Nas abordagens, o procedimento da técnica de bloqueio, busca pessoal e a forma de interlocução com os abordados variavam de acordo com o local e a situação apresentada, para se chegar ao produto/resultado, o policial utiliza meios e objetos disponíveis e ajustáveis ao seu modo em referência a um mundo de valores. Como nos ensina a Ergologia, para gerir o trabalho, o ser humano faz escolhas baseadas em intenso debate de valores a partir dos quais as decisões são tomadas.

No policiamento ostensivo, em áreas de risco, o policial seleciona quando abordar, a quem abordar e como abordar, ele o faz orientado por valores. Não se pode perder de vista que a segurança pública é responsável pela decodificação da conduta como criminosa, em seu caráter constitutivo, seletivo e discriminatório do controle social e ocorre nas ações de policiamento ostensivo quando se realizam prisões em flagrante.

Segundo Triquet (2010, p.102) o trabalhador realiza uma adaptação as suas ferramentas, ao seu coletivo de trabalho, ao sistema local, aos imprevistos que se repetem — por isso, conseguem até mesmo antecipá-los, preveni-los e neutralizá-los.

Nesse sentido, os policiais praticam o tempo todo, uma gestão de si como uma questão humana que envolve escolhas, valores, arbitragens. A gestão é da ordem da vida, independe do trabalho.

O trabalho é atravessado de história, porque o homem faz história em toda atividade de trabalho, tratando aquilo que não é antecipável pelo trabalho. Não levar em conta esta verdade na prática das esferas educativas, culturais, nas práticas de gestores, formadores e de organização do trabalho é desconhecer o trabalho, mutilar a atividade de homens e mulheres enquanto

‘fabricantes’ de histórias, que re-questionam os saberes, reproduzindo em

permanência novas tarefas para o conhecimento. (SCHWARTZ, 2003, p. 23).
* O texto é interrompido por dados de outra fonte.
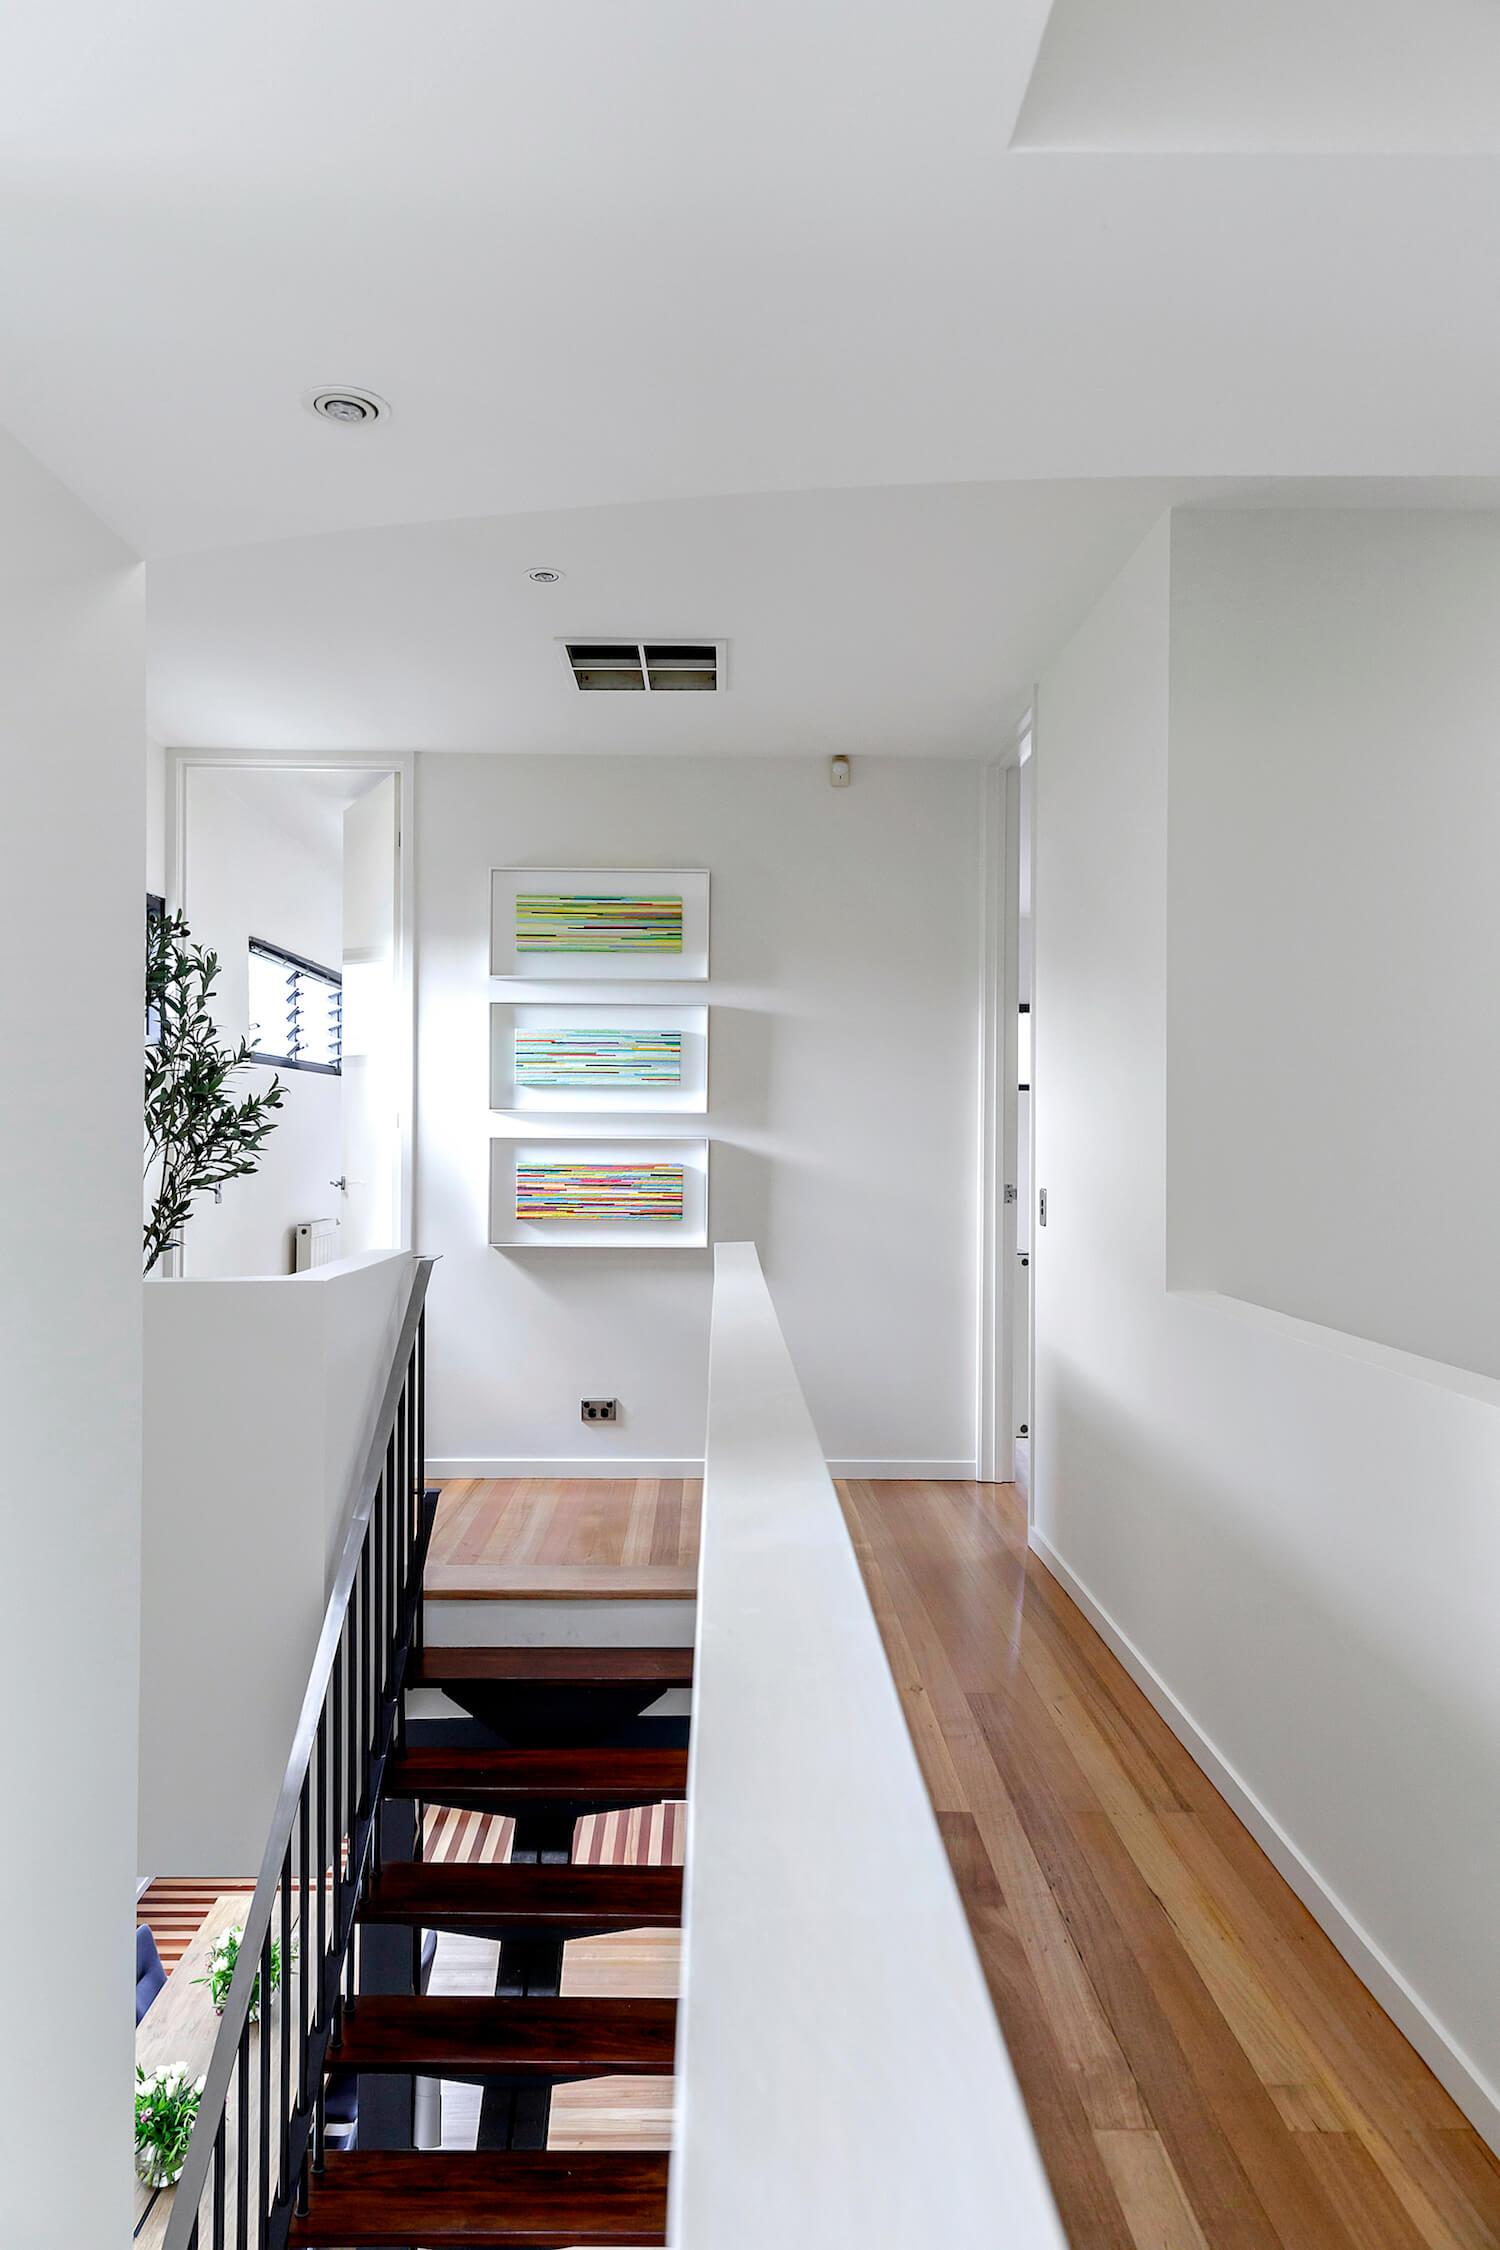 est living open house 423 napier street fitzroy 5

Para o referido autor, é difícil traduzir essa dimensão do “corpo-si” por ser singular em cada situação de trabalho, marcado por uma historicidade.

Schwartz nos conduz a refletir que qualquer ato de trabalho, por mais simples que possa parecer, é, num primeiro momento, o uso de si, absolutamente singular. O uso de si por si é o uso do corpo, da inteligência, da história, da sensibilidade e dos gestos daquele que opera a atividade. Se trabalhar é aplicar um protocolo, ao mesmo tempo, é aplicá-lo de forma singular.

O conceito de “uso de si” evidência que é impossível a execução mecânica das normas, porque o trabalho é sempre local de problemas, de tensão e possíveis sempre negociações, portanto, não é execução e sim uso. Schwartz (2007) trabalha com a dialética entre o uso de si por si mesmo e o uso de si pelos outros. O uso de si pelos outros são as regras, normas criadas e definidas pelo corpo social, definindo espaços, possibilidades e temas das negociações a serem enfrentadas.

Schwartz (1998, n. 68, p.108) define “a competência industriosa como uma combinatória problemática de ingredientes heterogêneos que não podem ser avaliados nos mesmos moldes, e muito menos ainda quando ela inclui uma dimensão de valor.” Se a atividade é uso de si e

lugar de dramáticas, há sempre uma relação das competências e valores envolvidos na atividade.